During 16 years of operations of the original corporation, GoLite positioned itself as an innovator in lightweight outdoor products with a focus on technical performance, simplicity, and sustainable business practices. GoLite was widely viewed as the spark and driving force behind the ultralight backpacking movement and the overall shift towards lighter gear from other outdoor manufacturers that occurred in the decade after GoLite was founded.

GoLite designed and manufactured light and ultra-light clothing, footwear, backpacks, tents, sleeping bags, hydration packs, and accessories. GoLite products were and are used for backpacking, hiking, thru-hiking, adventure racing, trail running, mountaineering, snowshoeing, cross-country skiing, adventure travel, and alpinism.  
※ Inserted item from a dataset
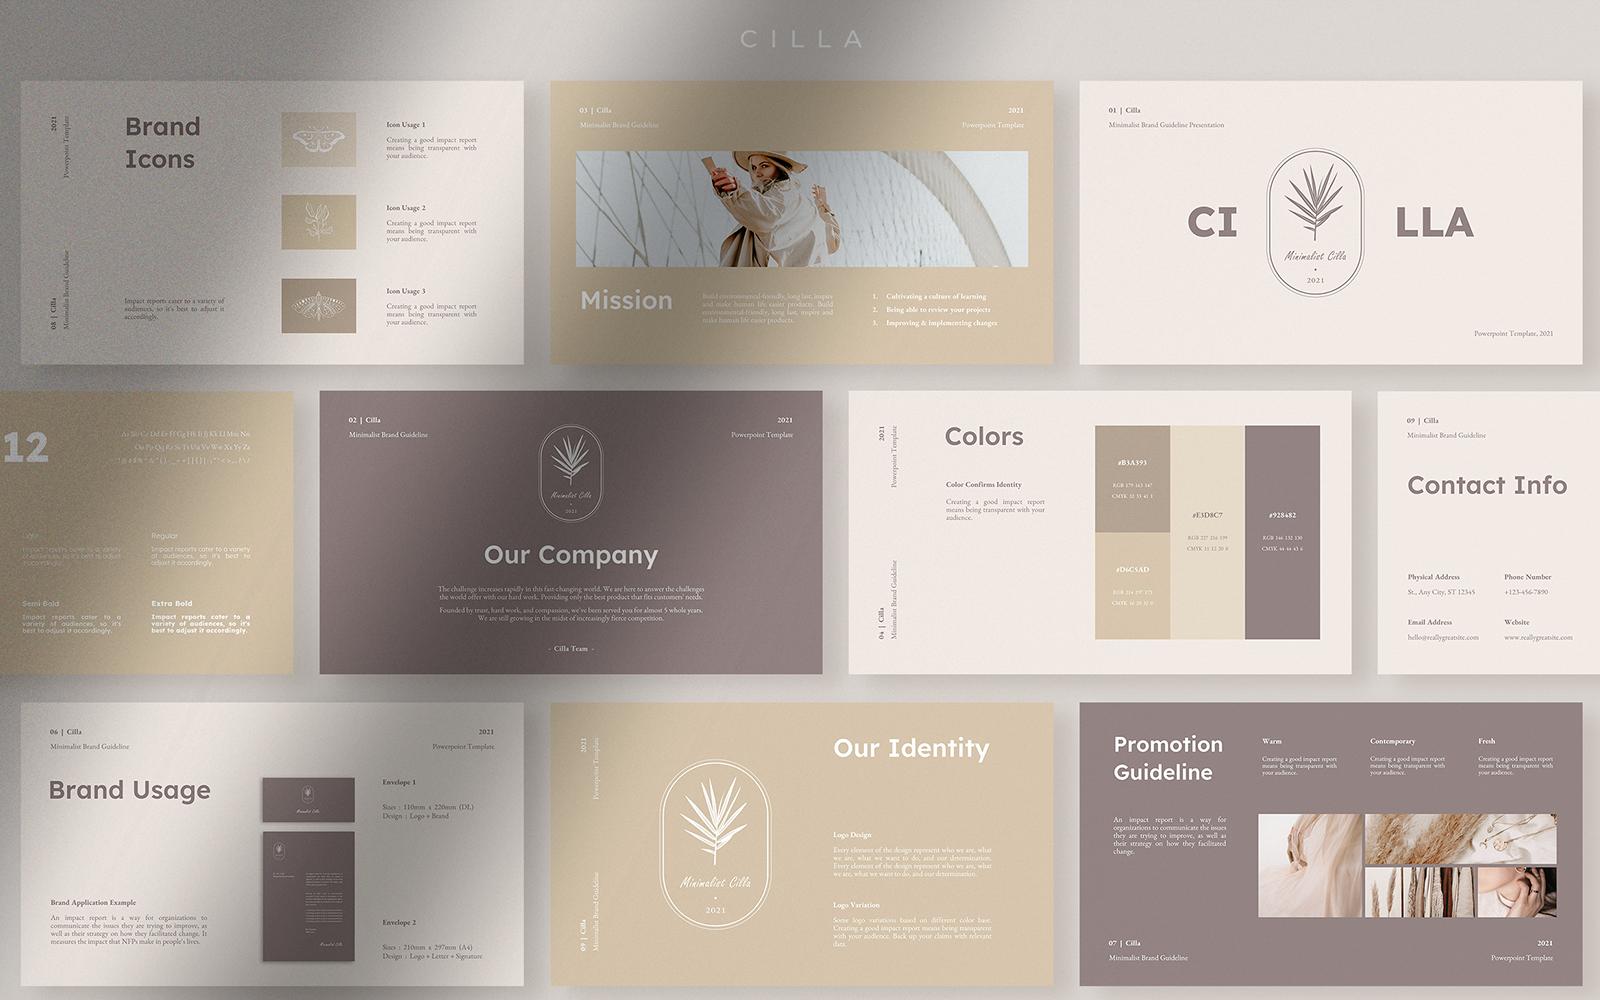 Cilla Minimalist Brand Guideline PowerPoint Template

In 2008, GoLite became one of the first Certified B Corporations in the world - and the first outdoor brand. In 2010, GoLite became one of a handful of global brands to release a sustainability report] rated at the A+ verification level by the Global Reporting Initiative.

In 2012, after achieving success with a growing e-commerce business, GoLite switched to a direct-to-consumer model, rapidly opening storefronts and continuing  holiday warehouse sales across the country.

At one time, GoLite outdoor products were sold in retail shops in 23 countries and in over 20 wholly owned retail stores in the United States.  However, in October 2014, GoLite filed for Chapter 11 bankruptcy reorganization.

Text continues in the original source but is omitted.